O mestre do barroco e criador da imortal de "As Quatro Estações" não era apenas católico, era um padre. Seu trabalho é admirado no mundo todo especialmente por seus concertos para violino. Vivaldi compos mais de 500 concertos, operas, sinfonias, sonatas e músicas para corais. Dentre estas talvez a mais conhecida seja sua composição coral para Glória.

Johann Sebastian Bach


É comumente aceito que Bach, o gênio do contraponto, era luterano. De fato era alemão, mas além de ter sido patrocinado pela Igreja Romana, existem algumas evidências que apontam para sua conversão tardia ao catolicismo. Bach viveu na itália por muitos anos, foi discípulo do Padre Martini em Bologna. Autores como Henry Burnett e Roy Nitzberg estimam sua conversão para meados de 1760. Seja como for, fato sabido é que nesta mesma época  Bach era o organista da Catedral de Milão. Ele escreveu cerca de 1100 composições e entre suas obras primas estão o Concerto de Brandenburg, Toccata e Fugue em D minor, Arioso e, é claro, sua eterna Missa em B menor.

Giuseppe Verdi

Verdade seja dita, como muitos italianos nacionalistas de sua época Verdi, o pai da ópera, era anti-clerical, mas sua obra ao mesmo tempo é o testemunho de uma alma profundamente católica. 'La traviata' é uma ópera sobre queda, sacrifício, amor, família e redenção. e em 'Forza del Destino' temos músicas que falam de algo muito familiar aos católicos: a beleza e compaixão feita carne por nós na Bendita Virgem Maria. Outras óperas famosas de Verdi incluem Nabucco, Rigoletto, Aida, Don Carlos, Otello e Falstaff.

Johann Strauss I e II

Se a família Strauss não existisse provavelmente nunca teríamos conhecido a Valsa. Johann Strauss I, judeo convertido ao catolicismo e seu filho Johann Strauss II criado na fé cristã composeram para diversos estilos como operetas, polkas, marchas, e quadrilhas, mas em especial criaram mais de 500 valsas e tornaram o estilo popular por toda Europa. Infelizmente por conta do divorcio Strauss II decidiu abandonar a fé católica no final de sua vida. Entre suas criações mais famosas estão, O Danúbio Azul, A Valsa do Kaises e Lorelei Rheinklänge.


Frederic Chopin

Chopin nasceu um menino prodígio com um talento assustador para música e cresceu para se tornar um devoto católico da classe média de Varsóvia.

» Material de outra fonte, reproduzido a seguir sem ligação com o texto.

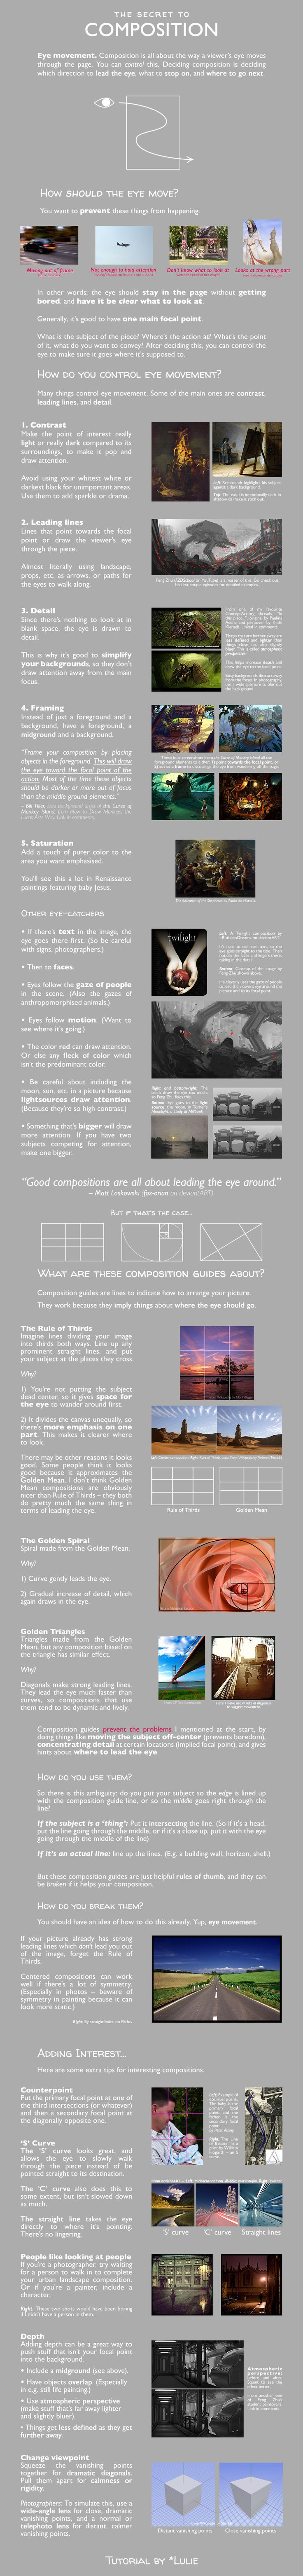 The Secret to Composition by Lulie.deviantart.com on @deviantART

É conhecido especialmente por suas obras para piano e por seu indiscutível talento na execução. É o inventor da balada instrumental e a ele também são creditadas diversas outras inovações musicais. Entre suas obras mais famosas estão Nocturne em E maior, Op. 9 No. 2, Minute Waltz, Fantasie-Impromptu e a Marcha Fúnebre (Preludio em C menor),

Franz Joseph Haydn

Haydn foi um devoto que praticamente inventou a sinfonia e o quarteto de cordas. Foi um compositor admirável e seu nome é sinonimo de composição clássica. Em sua época
Haydn compôs muitas peças de música para a orquestra da corte de executar. O volume do seu trabalho é quase tão grande quanto sua genialidade. incluindo mais de 100 sinfonias e 60 quartetos de cordas.

Wolfgang Amadeus Mozart

Este celebrado compositor austríaco nasceu em uma família católica e permaneceu membro devoto da Igreja por toda sua vida. Aos cinco anos de idade já se destacava por seu talento e aos 35, quando morreu, havia composto mais de 600 obras em todos os géneros musicais que conhecidos naquela época. Entre seus trabalhos mais famosos estão Requiem, Sinfonia No. 40, as óperas A Flauta Mágica e o casamento do Figaro, Sonata para Piano No 16 em C Maior, Sinfonia No. 25, Concerto para piano No. 21 e Sonata para Piano No. 11.

Ludwig van Beethoven


Batisado, crismado, criado e casado na Igreja Católica, Beethoven está também entre os nomes dos gênios patrocinados pelo Vaticano. É também um dos compositores clássicos mais festejados de todos os tempos. Entre seus trabalhos mais celebrados é a Nona Sinfonia, onde celebra Cristo, Sonata ao Luar, a Quinta Sinfonia, a Sexta Sinfonia,  Bagatelle No. 25 (Für Elise) e Concerto para Piano 5 em E Maior.